Iran’s largest fields in terms of reserves held are the Marun, Ahwaz, Aghajari and Gachsaran fields, which each have more than 10 billion barrels of estimated recoverable reserves.

All four of these fields are located in the Luristan-Khuzestan basin in southwest Iran, which contains an estimated 85 per cent of the country’s onshore reserves.

Tehran has found it challenging to significantly boost crude production over the past two decades as capacity added by bringing new fields on stream has been offset by declines at maturing oil fields. At the same time, condensate production has increased steadily due to the rise in gas production, especially from the offshore South Pars field.

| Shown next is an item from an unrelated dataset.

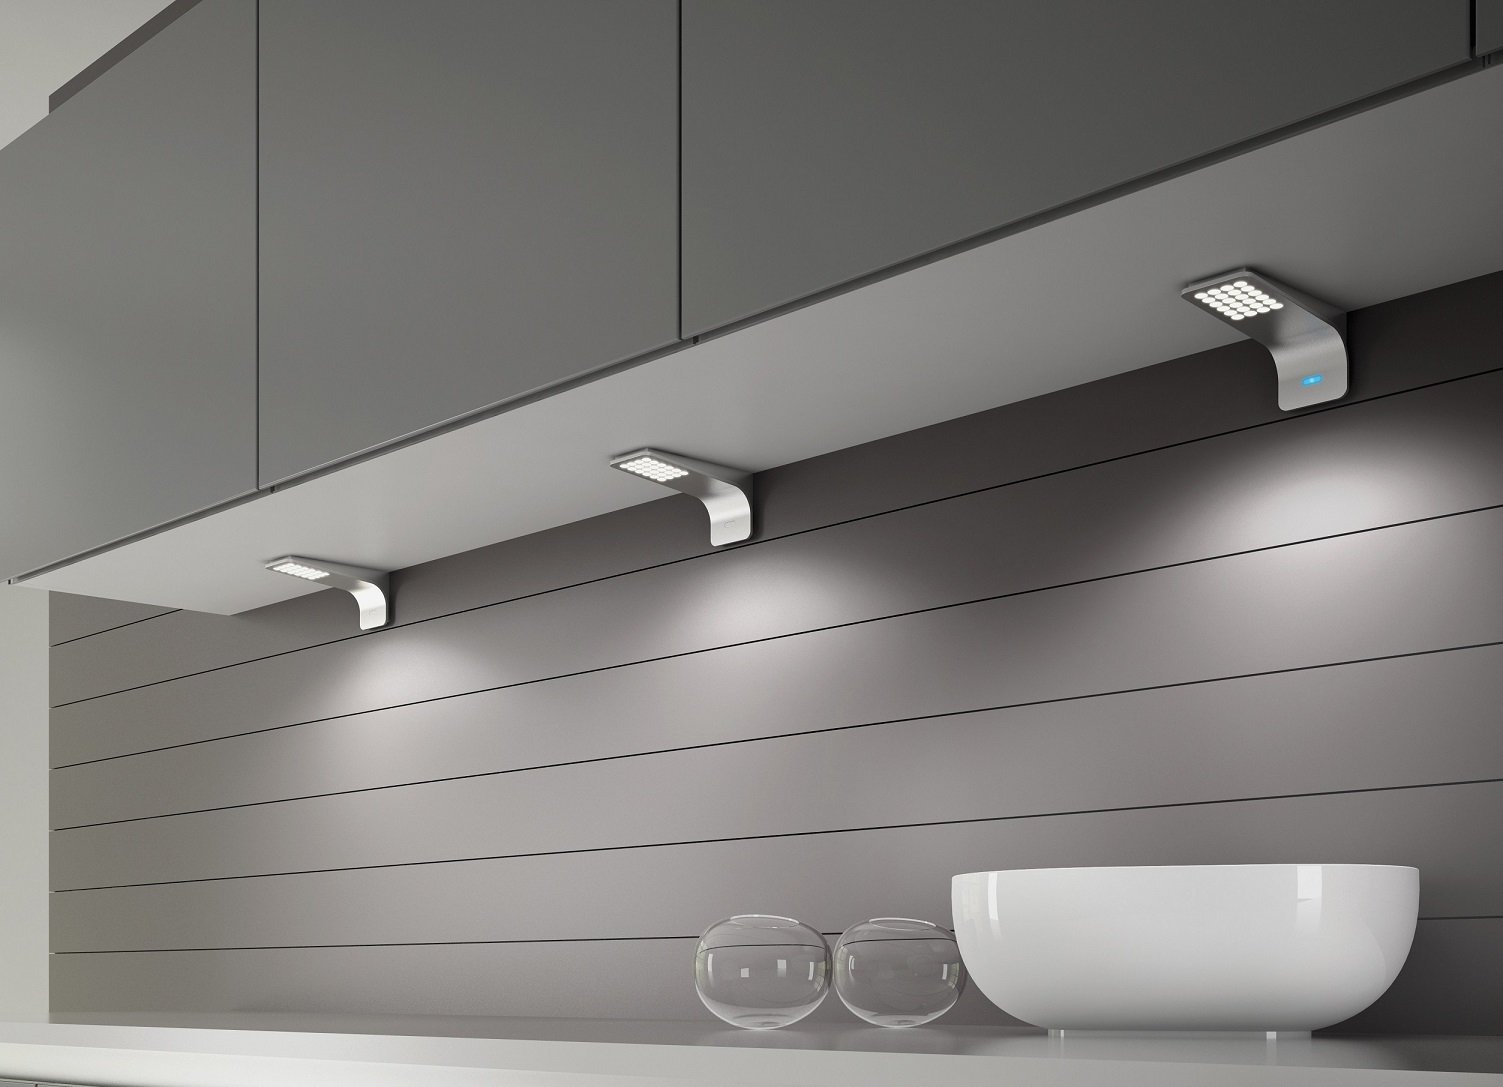 подсветка для кухни под шкафы светодиодная беспроводная

Output has been maintained by increasing the capacity of fields that have been developed relatively recently, such as Azadegan, Darkhovin, Khesht and Henjam.

Buy-back system

The IPC deals the Petroleum Ministry is preparing to launch will replace the buy-back system that Iran used to partner with IOCs over the past two decades.

According to UK law firm Clyde & Co, the buy-back model introduced in the 1990s and early 2000s was at the time considered a significant step forward to attract foreign investment without violating the provisions in Iran’s oil and gas legislation and the constitution, which effectively prohibit private foreign or domestic ownership of natural resources.

However, the system is prone to large potential losses for IOCs and companies have limited options to take into account any changes that might happen in the market or to the asset during the development of the project.

According to MEED’s Opportunity Iran report, at least 1.2 million b/d of new crude capacity is either on hold or delayed in Iran as talks have broken down with IOCs developing fields.

This includes almost 500,000 b/d of capacity being developed at the North Azadegan and South Azadegan fields, located 80 metres west of Ahwaz near the Iraqi border.

China National Petroleum Corporation (CNPC) signed buy-back agreements worth a combined $4.5bn to develop both fields, but, according to Iranian media reports, the deals were cancelled by state-owned National Iranian Oil Company (NIOC) due to lack of progress.

Potential projects

The South Azadegan and North Azadegan oil field developments will be among major projects NIOC will want to contract out to IOCs after sanctions are lifted. NIOC will likely look for companies who can take on the projects from the progress reached by CNPC and see them through to completion by the end of the decade.

Another major oil field development that Iran will want to kick-start is the Darkhovin field. Italian oil company Eni carried out the first phase of development at the field and signed buy-back agreements for the second and third phases, which would increase production to a plateau of 260,000 b/d,

However, in February 2010, Eni announced it was to pull out of Iran and cease activities on the Darkhovin field due to sanctions.

The third-phase field development is thought to have been put on hold at an early stage after Eni’s departure.

Azadegan and Darkhovin are just two of several planned schemes stuck in limbo that NIOC will want to get back on track when sanctions are lifted.

Iran must make sure the terms of its new contracts are attractive enough to IOCs to take on projects that have burned overseas companies in the past.